The non-profit group became a focal point for local donations sent to Puerto Rico after Hurricane Hugo in 1989. Members collect and distribute toys for underprivileged children during Christmas and Three Kings Day. They raise money to fight cerebral palsy and dispense college scholarships.
"Yes, we have done many things, but when you do something for someone, you don't have to shout it for all to hear," said club President Darío G. González, explaining why the organization has kept a low-profile. "We're humble people."'
The Asociación Borinqueña was founded in 1977 by a group of families who wanted to preserve and teach Puerto Rican traditions. Even the name of the group is rooted in tradition. The Taíno Indian word, Boriquén, is used to describe the people and island of Puerto Rico.
In the 15th century, when Christopher Columbus arrived on the island during his second voyage to the New World, Taíno Indians inhabited Boriquén, which means "the land of the brave lord." Newcomers eventually renamed the island Puerto Rico, but "La Borinqueña" is the official anthem of Puerto Rico.
Club members expect to celebrate the club's silver anniversary in September 2002 in their new headquarters.
Groundbreaking for the 16,000-square-foot building at Econlockhatchee Trail and Colonial Drive took place recently Pecunia said. The club purchased the land for $150,000 and estimates construction costs will be $1 million.
Some of the construction funds were raised when the group sold their old 2,000-square-foot-building on Valencia College Lane at Goldenrod Road for $240,000. The group plans to hold fundraisers and seek loans to cover the remaining costs.

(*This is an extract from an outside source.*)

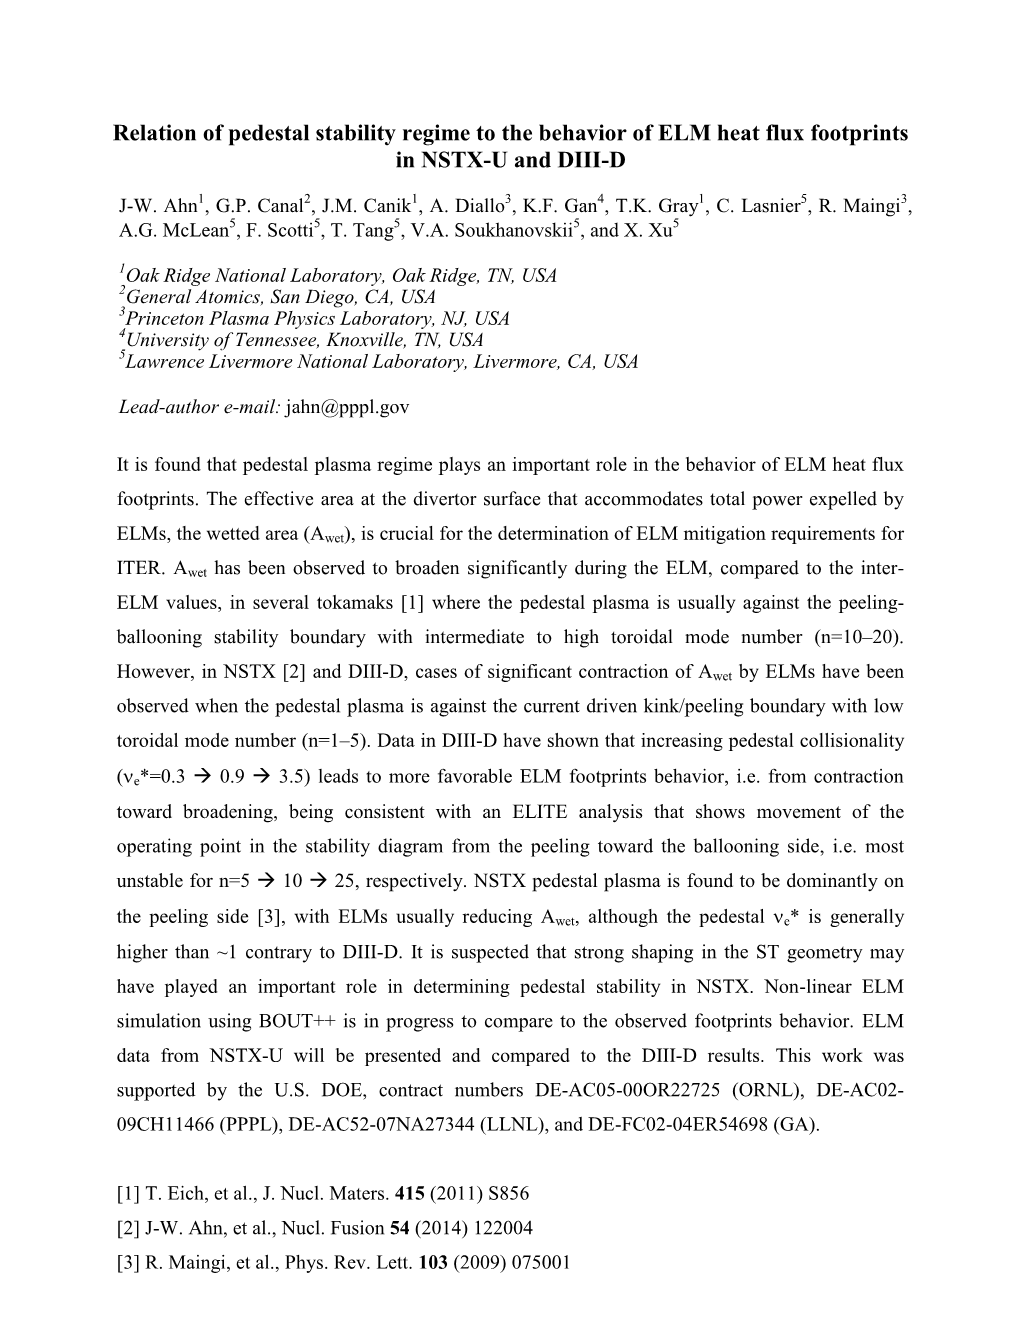 Relation of Pedestal Stability Regime to the Behavior of ELM Heat Flux Footprints in NSTX-U and DIII-D
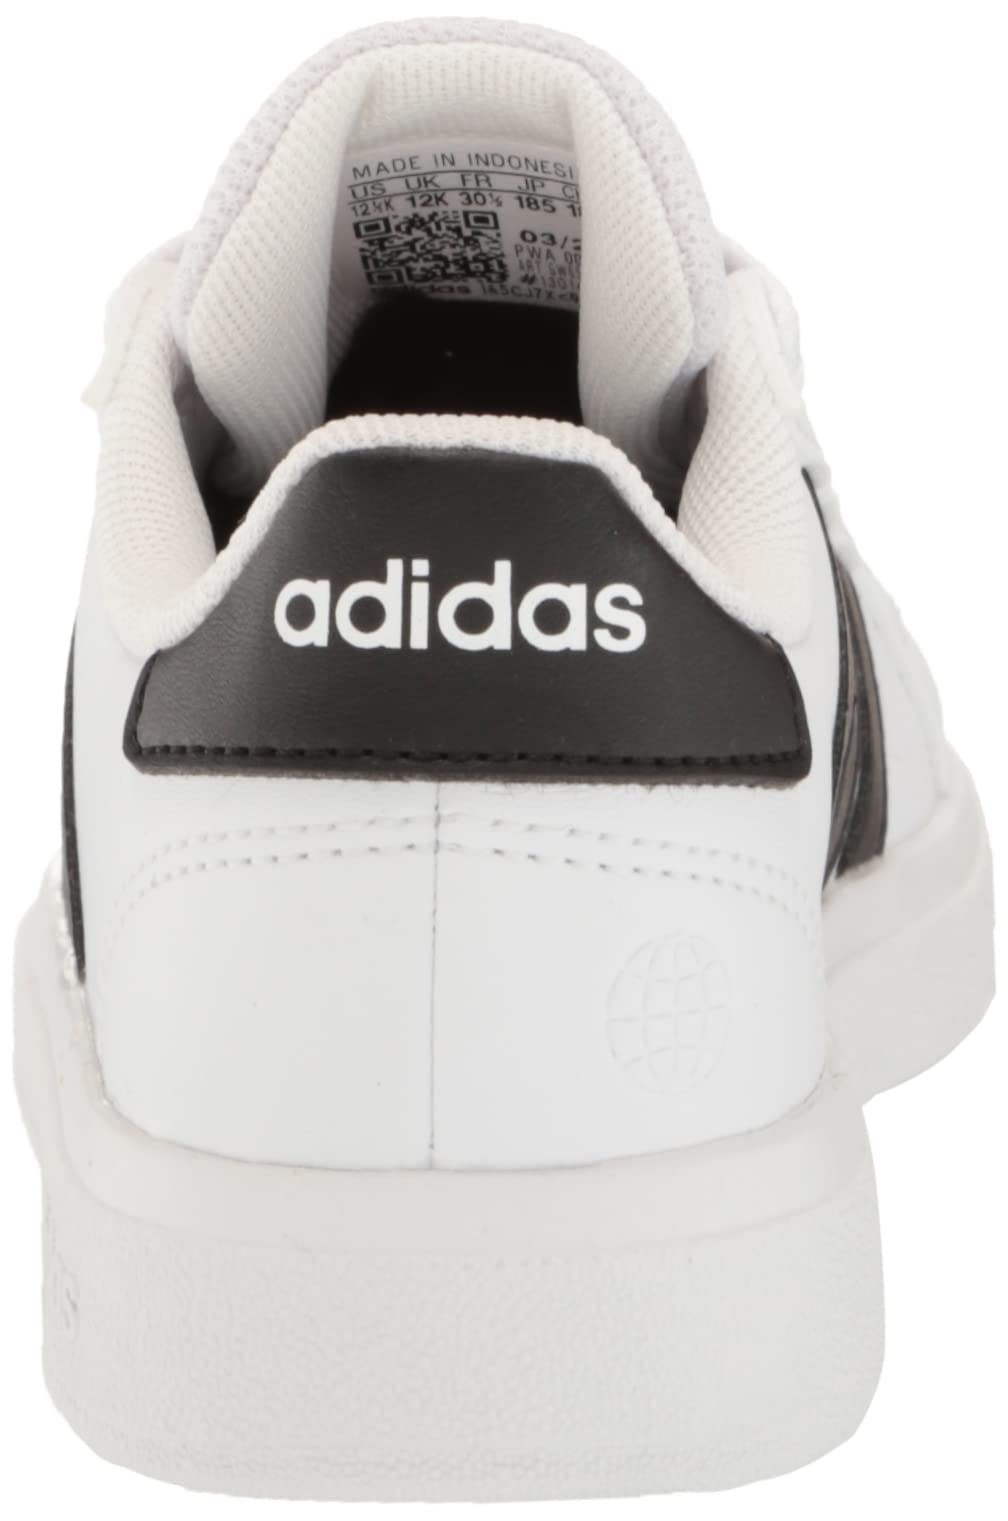 adidas Grand Court 2.0 (Little Kid/Big Kid) White/Core Black/Core Black 5 Big Kid M

While awaiting their new two-story building, the 120-member group meets at a Pine Hills church. There, they planned their recent 24th anniversary formal dance held at the clubhouse of the Sociedad Cubana in Orlando. Now, they'll turn their attention to Christmas fundraisers and activities, as well as organize the bone marrow drive for Cruz.
González said the presence of the organization in the community educates people about Puerto Ricans, who are the dominant Hispanic population in Central Florida, with a population of 162,555. More than half live in Orange County.
"We want to make sure that Puerto Ricans don't lose their sense of identity, especially those born and raised here,"' González said.
Pecunia said the organization plans to eventually expand to offer programs for senior citizens and single mothers. The new headquarters will give the club a tremendous boost, he said.
"It's been a slow process to develop our potential," Pecunia said. "But we are making an impact."